* [Task to complete] Word for word, copy the lines from the one with "KROMA/Leonidas Giannakopoulos, Dragon" to the last line of the data below, counting both, and keep every picture out.

* [Data below]
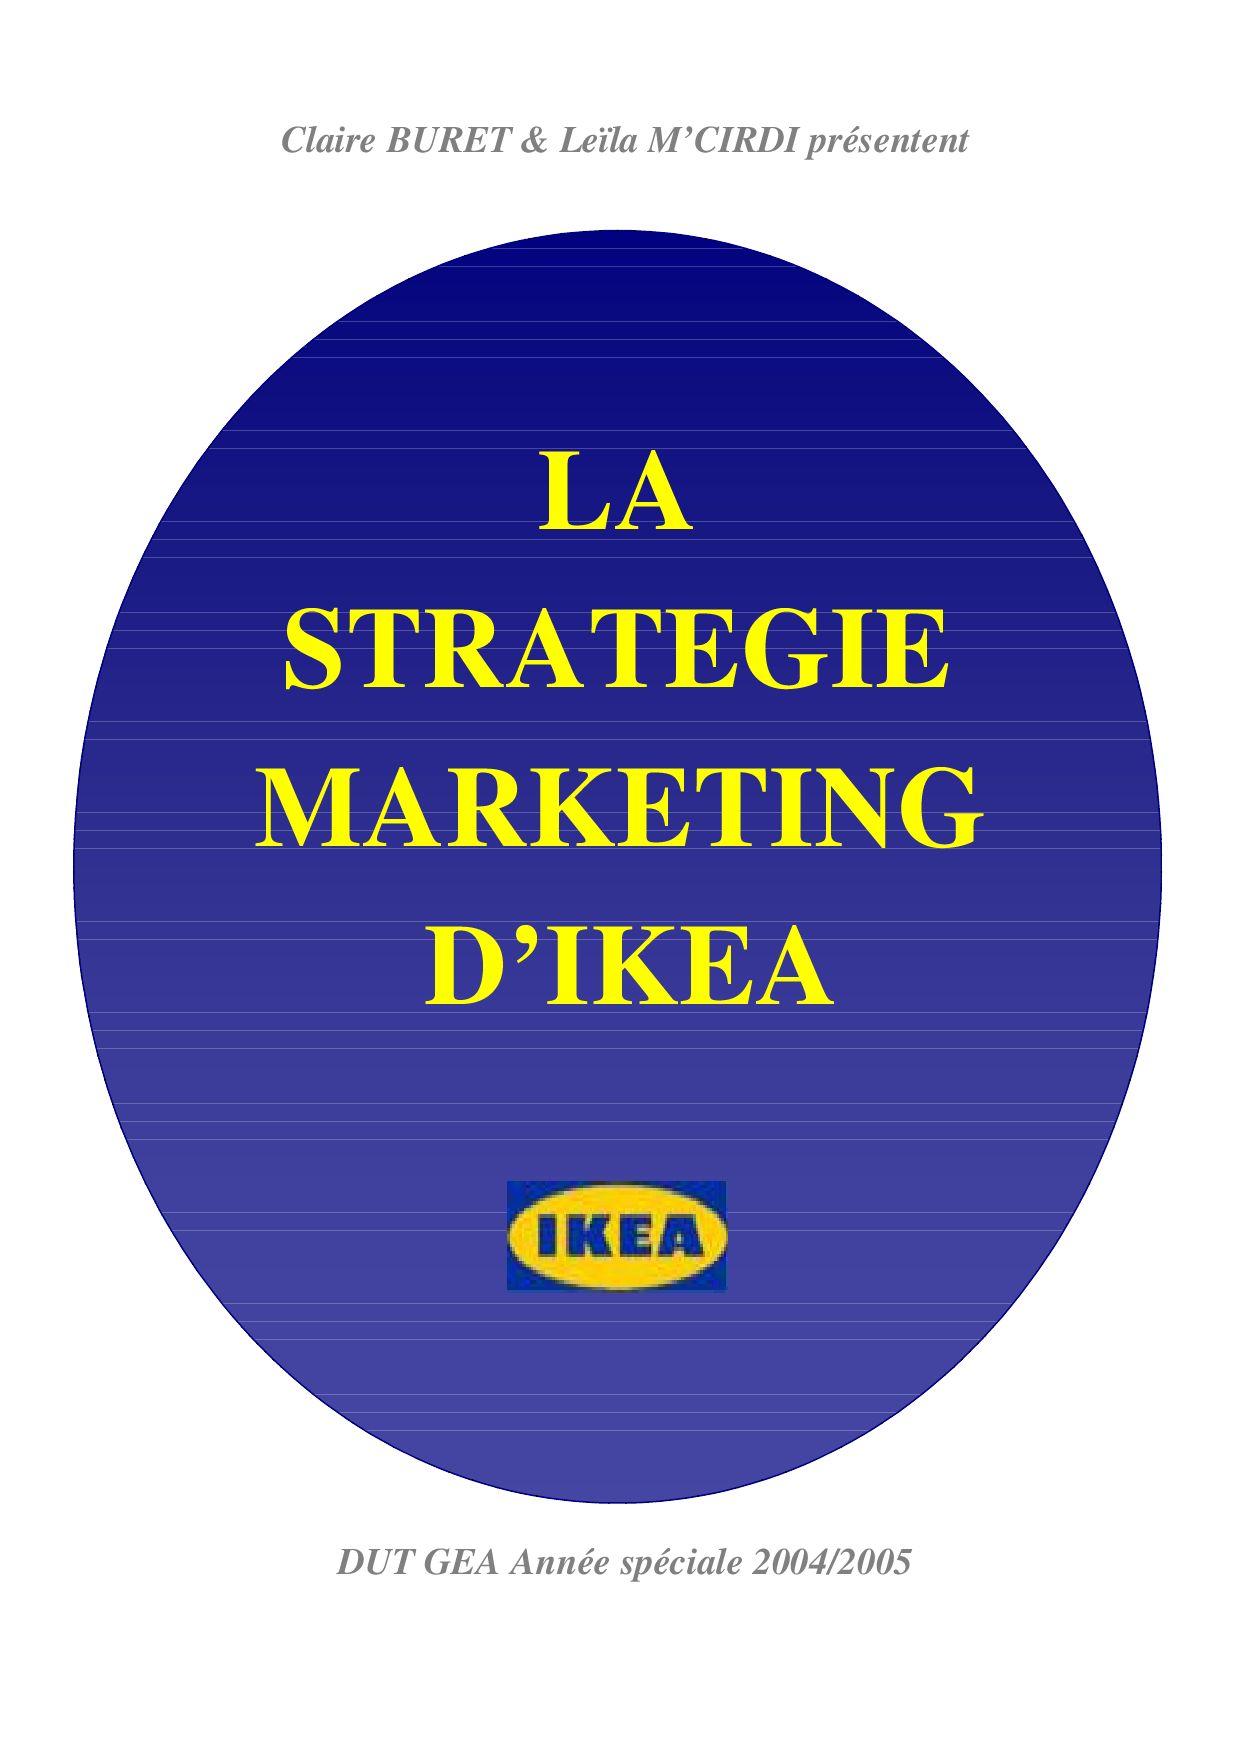 La Strategie Marketing Dikea By Regis Vansnick Issuu
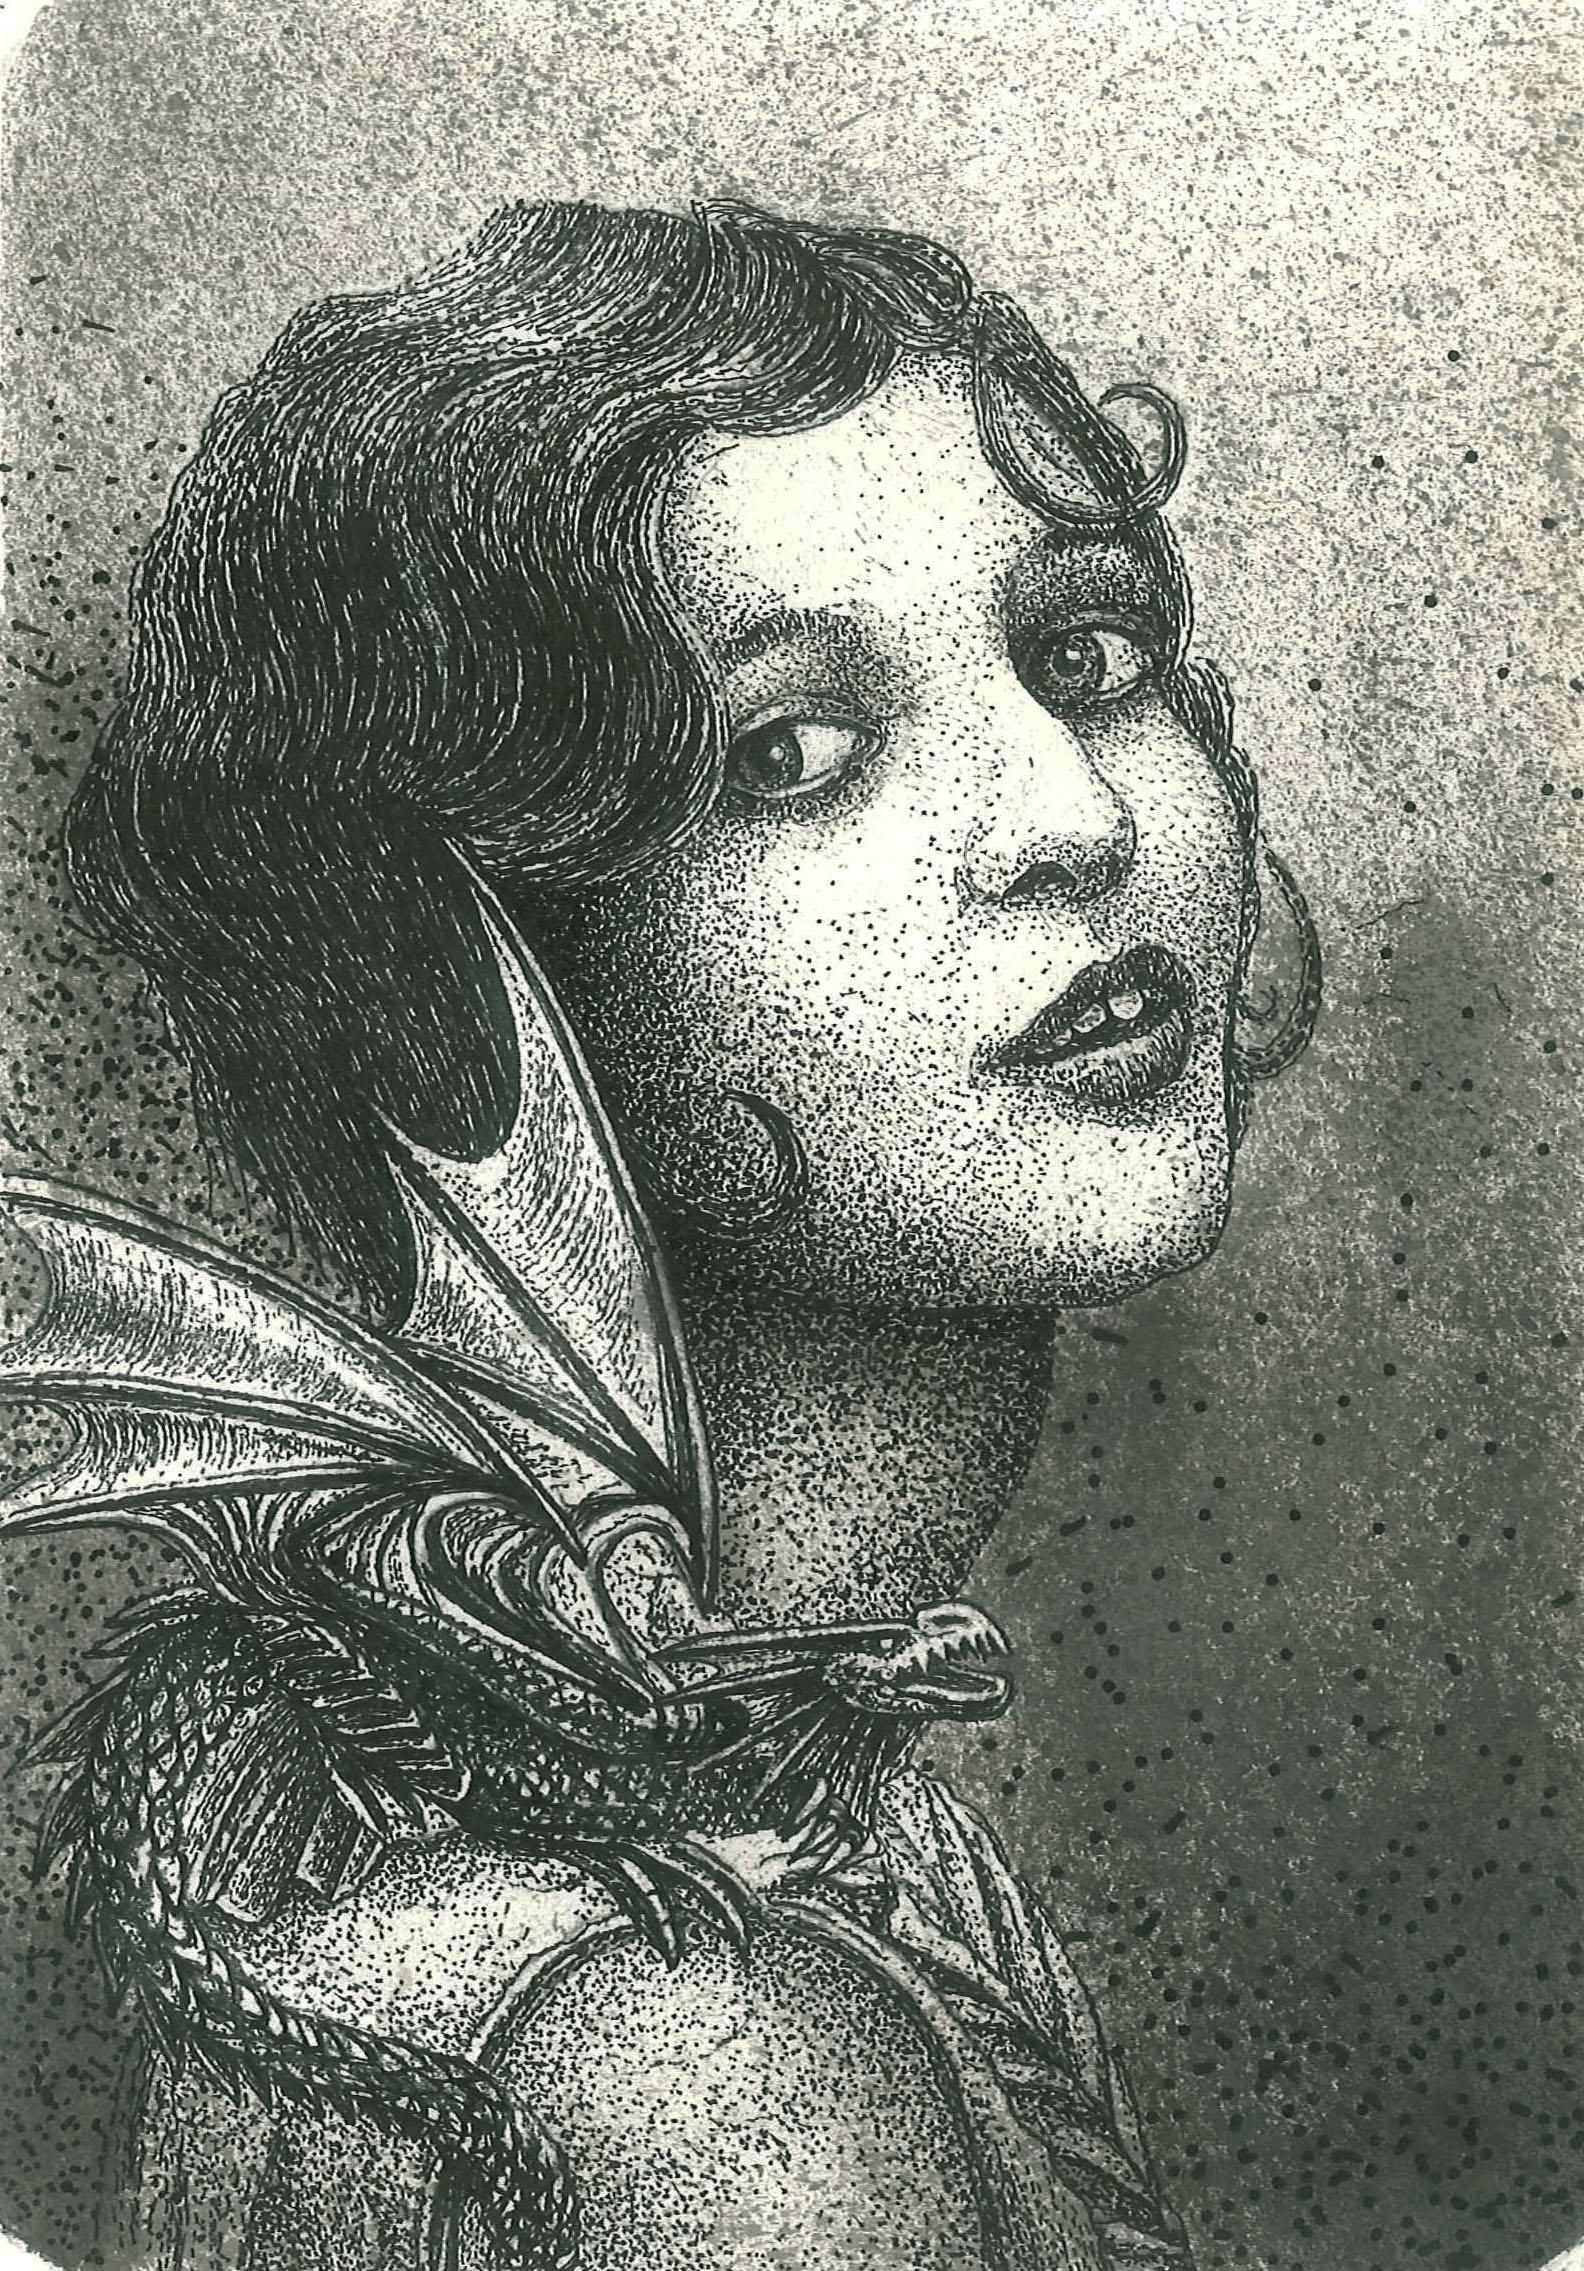 KROMA/Leonidas Giannakopoulos, Dragon girl, 2017, ink on paper, 20,5x14,7cm
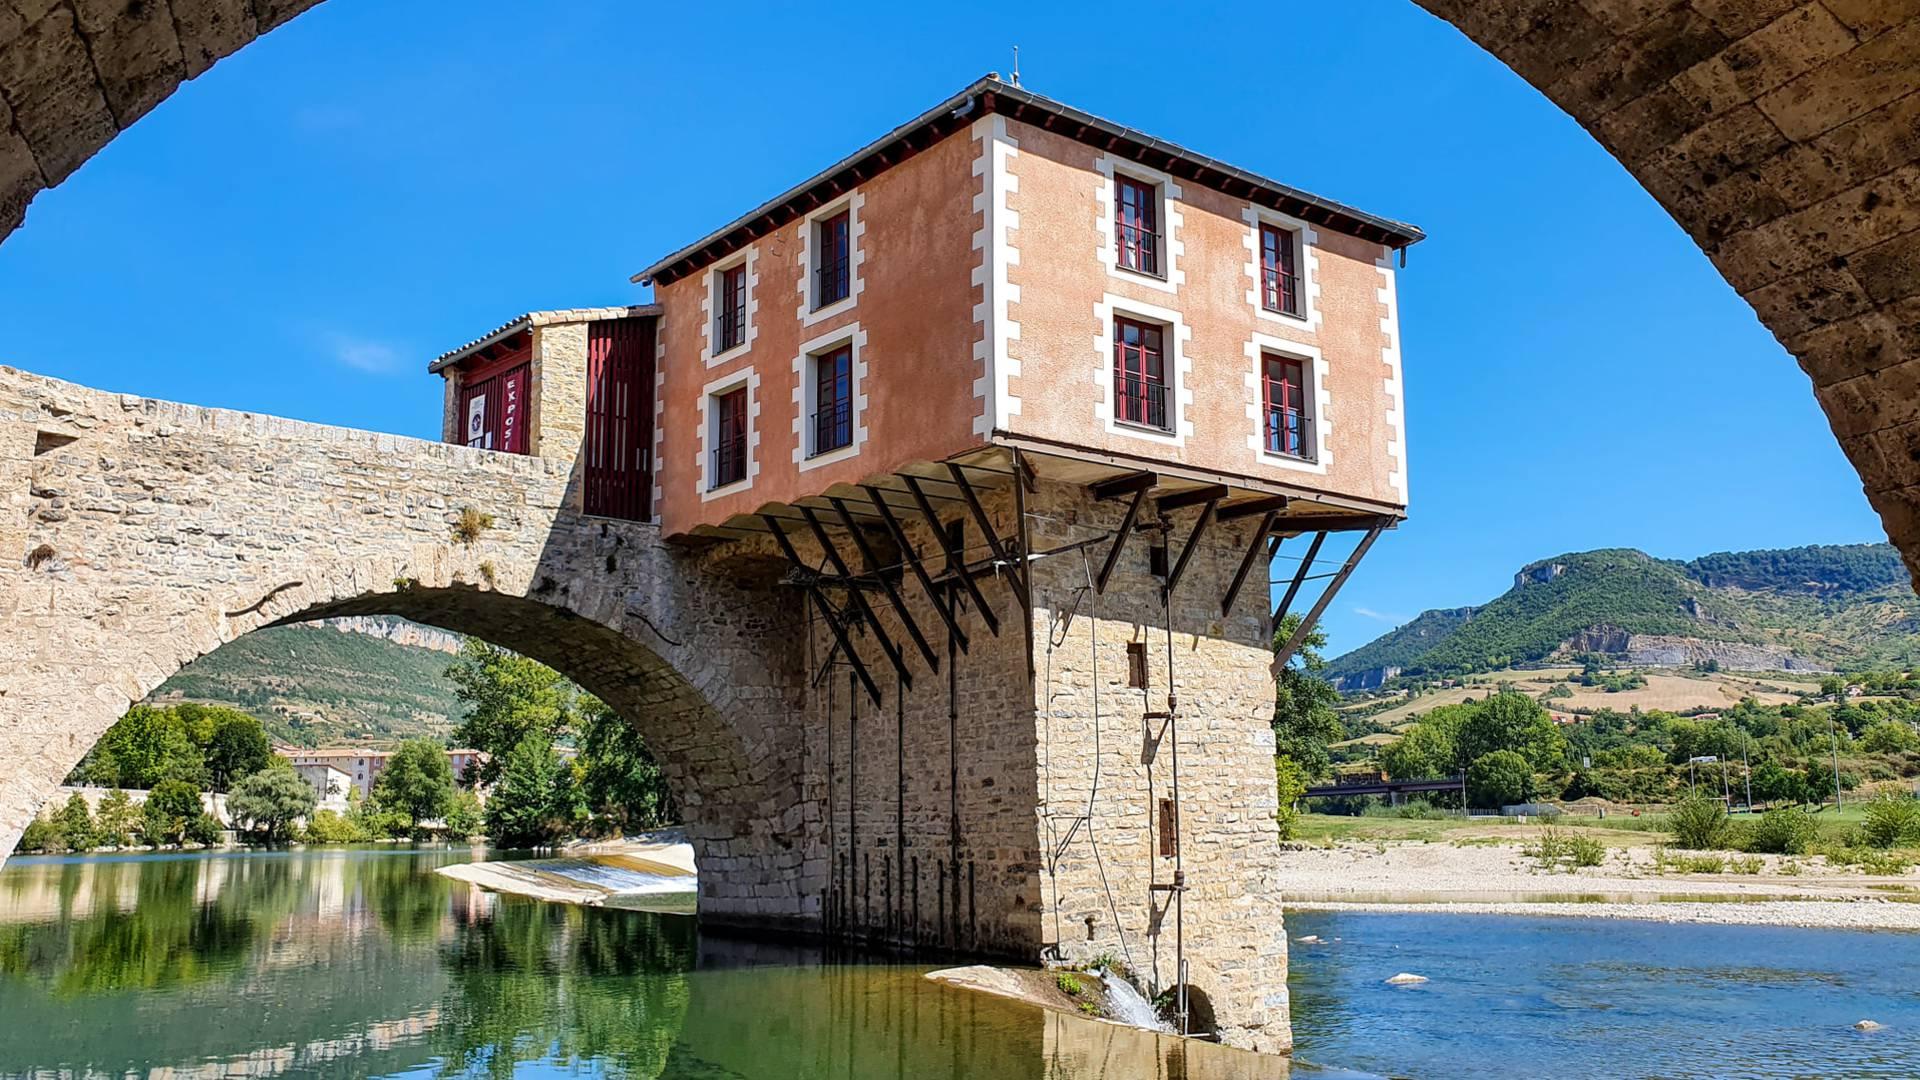 Pont-vieux de Millau - ©jeanjean

* [Exercise response]
 KROMA/Leonidas Giannakopoulos, Dragon girl, 2017, ink on paper, 20,5x14,7cm
 Pont-vieux de Millau - ©jeanjean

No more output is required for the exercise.